Advisors who only employ investments in portfolios are either exposing clients to outsized equity risk or are creating additional risk in retirement plans by having low-yielding cash and fixed income positions. Annuities shine in this era of low rates and dramatically outperform fixed income investments in generating retirement income.

In addition, as more boomer clients age and face 30-year-plus retirements that they primarily need to self-fund, the notion of guaranteed lifetime income is tremendously appealing. The challenge is in getting RIAs who have traditionally sold against these products, because of their financial conflict of interest, to start employing them for clients. Once they look at the products with an eye toward their client, it’s a no-brainer.

Are you looking for more investment from institutions beyond the $26 million the firm recently received from Eldridge and Atlas Merchant Capital?

I started DPL by bootstrapping it myself, as many entrepreneurs do.
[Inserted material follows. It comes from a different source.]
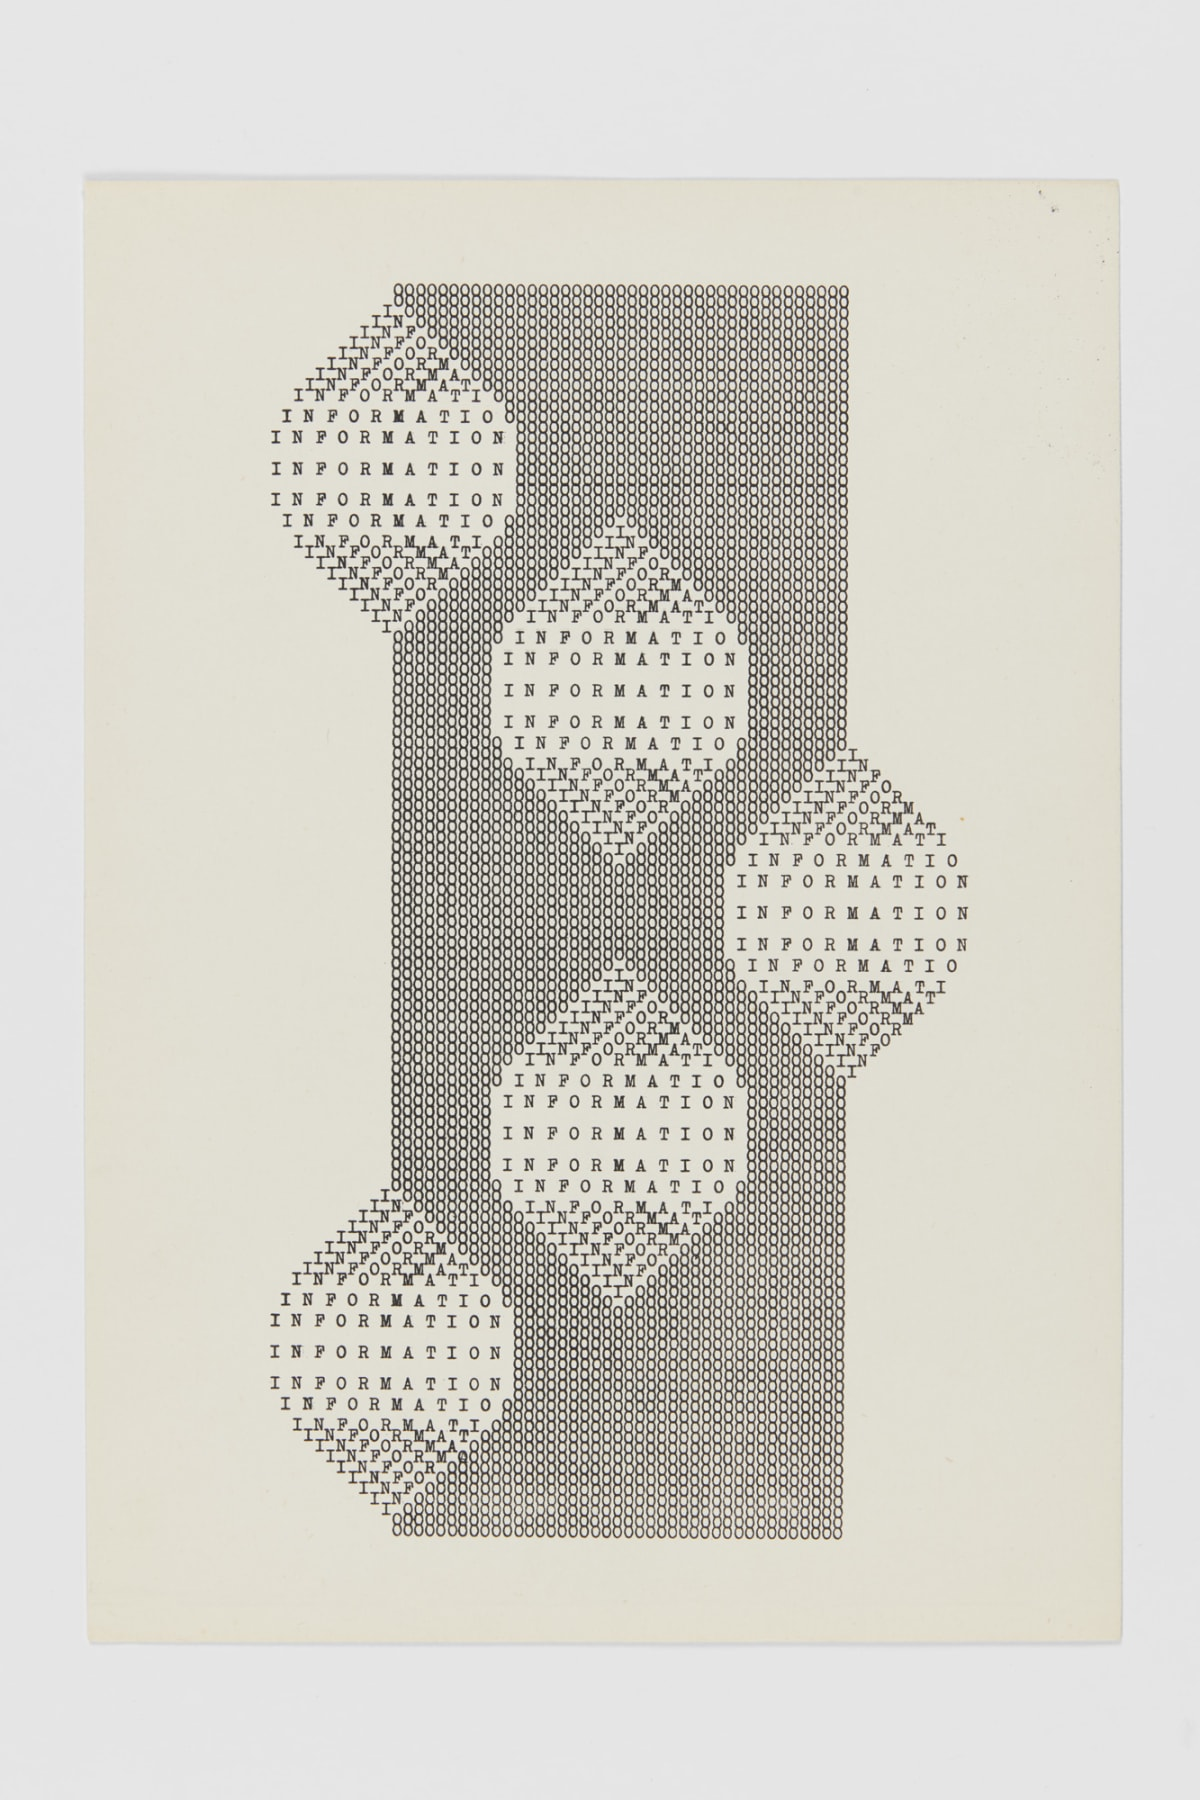 Ruth WOLF-REHFELDT Information Bildung, c.1980 print (zinc lithograph) 29.9 x 21.1 cm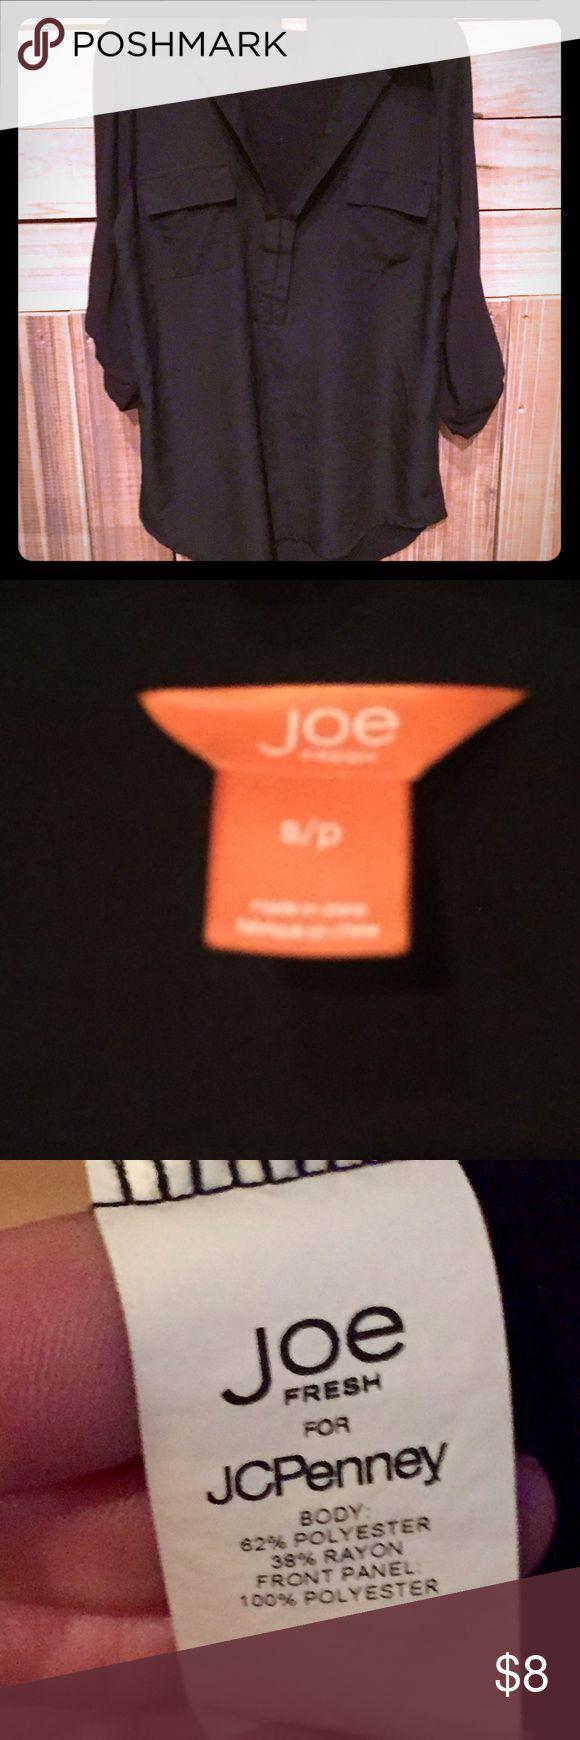 Joe Fresh black 3/4 sleeve blouse Joe Fresh black 3/4 sleeve blouse Joe Fresh Tops Blouses

As we got ready to launch, I was fortunate enough to bring Todd Boehly and Eldridge in as my original investors to fund our initial growth.

The success we had upon launch led me to bring in additional investment, which we received both from Eldridge and Bob Diamond and David Schamis at Atlas Merchant Capital. (Editor’s note: Todd Boehly is co-founder, chairman and CEO of Eldridge; Bob Diamond, CEO, and David Schamis, CIO. are founding partners of Atlas Merchant Capital.)

To date, we have received $26 million in funding from those partners. As we’ve continued to expand and grow, we will soon be looking for another round of funding.